Certainly, we’re all for cutting costs — which is why we have nagging doubts about whether the town can afford to staff a third fire station right now. Perhaps Payson needs to return to a greater reliance on reserves, to run three- and four-man trucks. Like we said — the council faces an unpalatable choice between bad and worse.

Still, we oppose any economy that risks the lives and health of firefighters by running dangerously small crews.

Not yet Christmas, but we can still sing a few campus carols

Will Christmas ever come? Payson and Arizona State University have now taken a major step in what has turned into a torturous two-year effort to build a college campus here.

Specifically, the negotiators have signed a memorandum of understanding so they can “examine and analyze” the plan for a four-year campus, with tuition about 50 percent lower than on the main campus.

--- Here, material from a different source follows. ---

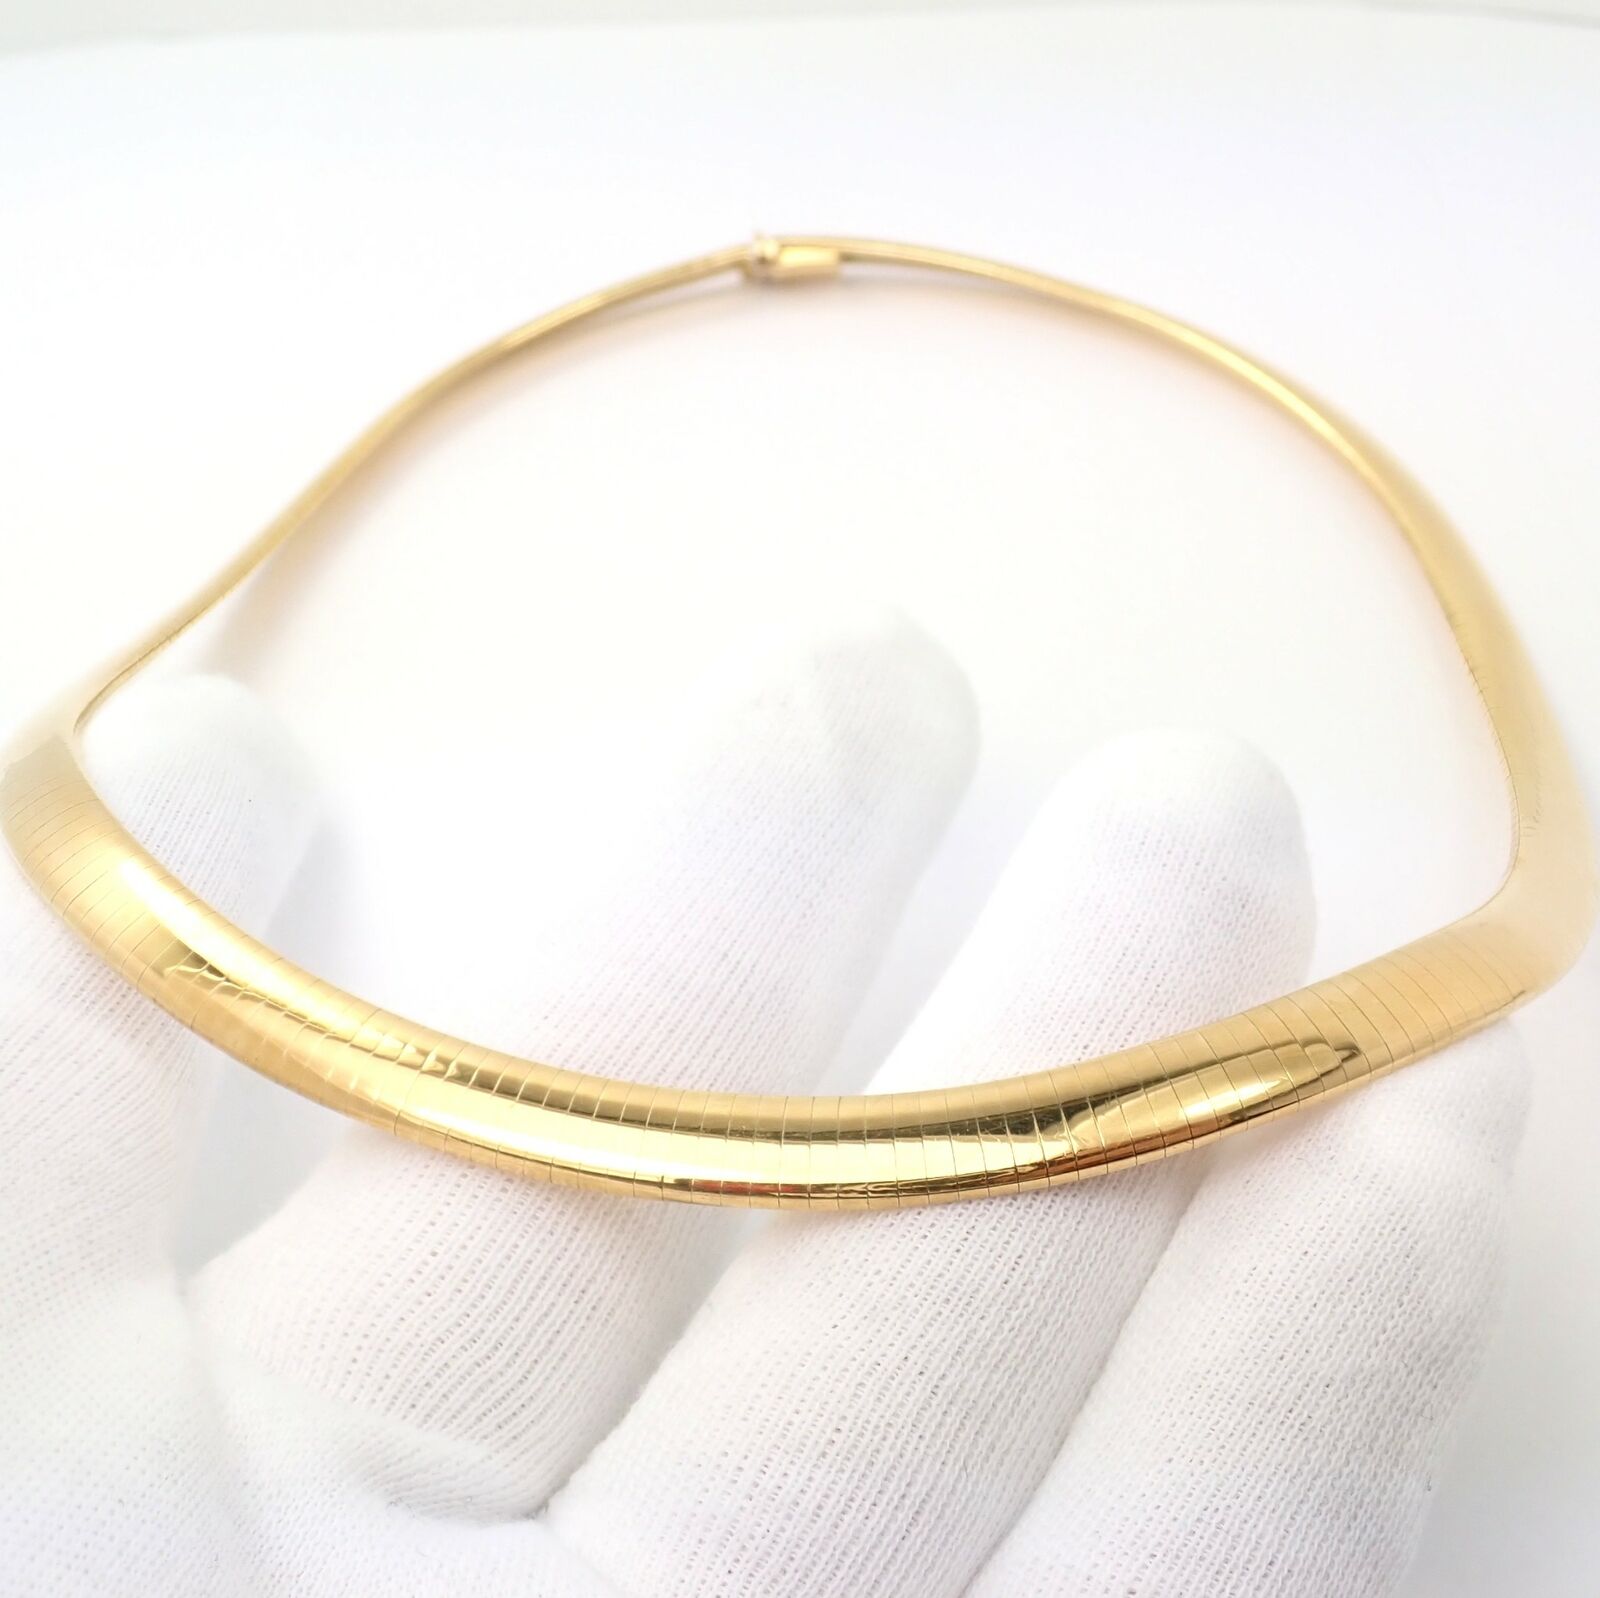 Van Cleef & Arpels Jewelry & Watches:Fine Jewelry:Necklaces & Pendants Rare! Authentic Van Cleef & Arpels 18k Yellow Gold Snake Collar Chain Necklace

The MOU confirms the broad outlines of the whispers and promises that have sustained us these many months.

Payson will set up a community facilities district to buy 300 acres from the Forest Service and then raise the money to build the campus — plus provide space for support facilities like a conference hotel.

For its part, ASU won’t need to bring its wallet. Instead, the university will develop a marketing and academic plan to be sure it can provide enough students to make the whole thing pencil out.

The MOU confirms the visionary details for a “green” campus nestled among the trees — an idyllic setting in which students can earn a low-cost, four-year degree. We suspect the campus will be a godsend, especially for kids from rural towns who all too often get swallowed up when they attend classes in Tempe with 50,000 other students.

We all owe a debt of gratitude to the handful of people at both ASU and Payson who have lavished time and effort on this crucial effort — even if it never comes to pass.

So while this seems a hopeful moment, we do not minimize the difficulties that remain. First, Payson must sweet-talk the Forest Service into selling the land quickly enough to make the campus possible.

Second, Payson Mayor Kenny Evans must keep corralled his miraculous critical mass of investors and donors who have pledged in excess of $500 million.

Third, we hope ASU grasps the opportunity to build what amounts to the state’s first college that can offer affordable bachelor’s degrees where soaring tuition has already slammed the door of opportunity on many students.

It’s not yet Christmas Eve — the purgatory of our long wait hasn’t ended. But the MOU does amount to the first Christmas jingles on the radio.